What to work on:
Nothing but the lines from the one containing "Lutron CW-5 Claro" through the one containing "Диван Честерфилд (Chesterfield)", both included, should be given again, each exactly as written below.
*-*-*
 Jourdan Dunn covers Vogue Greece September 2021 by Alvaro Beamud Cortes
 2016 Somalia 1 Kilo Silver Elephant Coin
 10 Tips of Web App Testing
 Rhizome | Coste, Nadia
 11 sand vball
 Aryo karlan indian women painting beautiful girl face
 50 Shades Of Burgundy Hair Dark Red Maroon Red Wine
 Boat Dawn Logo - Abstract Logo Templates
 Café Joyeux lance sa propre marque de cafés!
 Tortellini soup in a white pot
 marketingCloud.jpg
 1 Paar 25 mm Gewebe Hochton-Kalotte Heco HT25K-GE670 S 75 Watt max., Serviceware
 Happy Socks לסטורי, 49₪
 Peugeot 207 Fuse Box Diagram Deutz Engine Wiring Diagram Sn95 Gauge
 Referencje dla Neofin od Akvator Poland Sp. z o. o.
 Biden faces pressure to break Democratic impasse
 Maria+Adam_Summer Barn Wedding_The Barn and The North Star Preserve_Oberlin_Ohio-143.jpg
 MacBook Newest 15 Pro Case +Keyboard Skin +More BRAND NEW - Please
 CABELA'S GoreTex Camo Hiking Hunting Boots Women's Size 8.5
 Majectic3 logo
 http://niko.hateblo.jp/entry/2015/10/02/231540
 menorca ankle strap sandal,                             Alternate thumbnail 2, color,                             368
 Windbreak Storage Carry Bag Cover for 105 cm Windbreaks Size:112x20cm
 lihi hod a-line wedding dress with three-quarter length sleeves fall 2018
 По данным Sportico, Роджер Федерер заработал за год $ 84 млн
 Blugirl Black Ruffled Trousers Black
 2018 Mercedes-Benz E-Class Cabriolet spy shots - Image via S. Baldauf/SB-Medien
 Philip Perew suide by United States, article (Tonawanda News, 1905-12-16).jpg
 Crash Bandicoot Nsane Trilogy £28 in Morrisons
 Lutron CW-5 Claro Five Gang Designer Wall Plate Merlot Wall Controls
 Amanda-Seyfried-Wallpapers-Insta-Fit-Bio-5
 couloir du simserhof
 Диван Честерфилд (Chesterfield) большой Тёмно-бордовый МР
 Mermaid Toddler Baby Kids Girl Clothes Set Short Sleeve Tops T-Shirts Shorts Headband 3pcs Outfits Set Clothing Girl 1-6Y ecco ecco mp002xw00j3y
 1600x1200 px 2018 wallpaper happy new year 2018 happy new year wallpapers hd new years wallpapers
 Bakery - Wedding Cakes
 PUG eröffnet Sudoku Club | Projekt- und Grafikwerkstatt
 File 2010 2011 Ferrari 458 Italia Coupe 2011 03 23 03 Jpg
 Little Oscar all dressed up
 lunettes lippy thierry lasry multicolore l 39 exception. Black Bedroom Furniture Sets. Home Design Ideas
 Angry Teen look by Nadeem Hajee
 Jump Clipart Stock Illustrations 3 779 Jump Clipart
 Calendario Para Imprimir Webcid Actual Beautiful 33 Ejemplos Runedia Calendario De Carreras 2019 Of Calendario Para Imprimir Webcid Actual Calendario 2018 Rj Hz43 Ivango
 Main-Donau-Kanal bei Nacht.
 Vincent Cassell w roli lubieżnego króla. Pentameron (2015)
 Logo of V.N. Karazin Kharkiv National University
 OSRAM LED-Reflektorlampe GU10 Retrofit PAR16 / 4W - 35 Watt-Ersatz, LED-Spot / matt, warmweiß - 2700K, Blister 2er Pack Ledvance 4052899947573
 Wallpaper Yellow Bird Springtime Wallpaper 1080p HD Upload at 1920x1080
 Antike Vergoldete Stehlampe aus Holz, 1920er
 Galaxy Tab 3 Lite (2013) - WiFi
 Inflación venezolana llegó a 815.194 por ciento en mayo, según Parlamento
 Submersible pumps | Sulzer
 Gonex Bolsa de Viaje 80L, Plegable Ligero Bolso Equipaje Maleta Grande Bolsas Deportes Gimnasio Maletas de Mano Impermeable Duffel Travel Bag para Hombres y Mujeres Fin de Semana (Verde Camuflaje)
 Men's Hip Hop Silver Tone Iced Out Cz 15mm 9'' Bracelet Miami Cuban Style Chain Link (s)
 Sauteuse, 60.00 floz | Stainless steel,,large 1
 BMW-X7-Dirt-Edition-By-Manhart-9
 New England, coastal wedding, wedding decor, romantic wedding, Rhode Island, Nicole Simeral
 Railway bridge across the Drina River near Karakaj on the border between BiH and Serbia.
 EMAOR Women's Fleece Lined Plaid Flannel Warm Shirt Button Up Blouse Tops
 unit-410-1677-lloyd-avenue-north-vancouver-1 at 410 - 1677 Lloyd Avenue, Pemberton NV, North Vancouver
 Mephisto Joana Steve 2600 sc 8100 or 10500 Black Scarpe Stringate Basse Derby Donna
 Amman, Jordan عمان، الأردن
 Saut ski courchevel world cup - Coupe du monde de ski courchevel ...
*-*-*
Written answer:
 Lutron CW-5 Claro Five Gang Designer Wall Plate Merlot Wall Controls
 Amanda-Seyfried-Wallpapers-Insta-Fit-Bio-5
 couloir du simserhof
 Диван Честерфилд (Chesterfield) большой Тёмно-бордовый МР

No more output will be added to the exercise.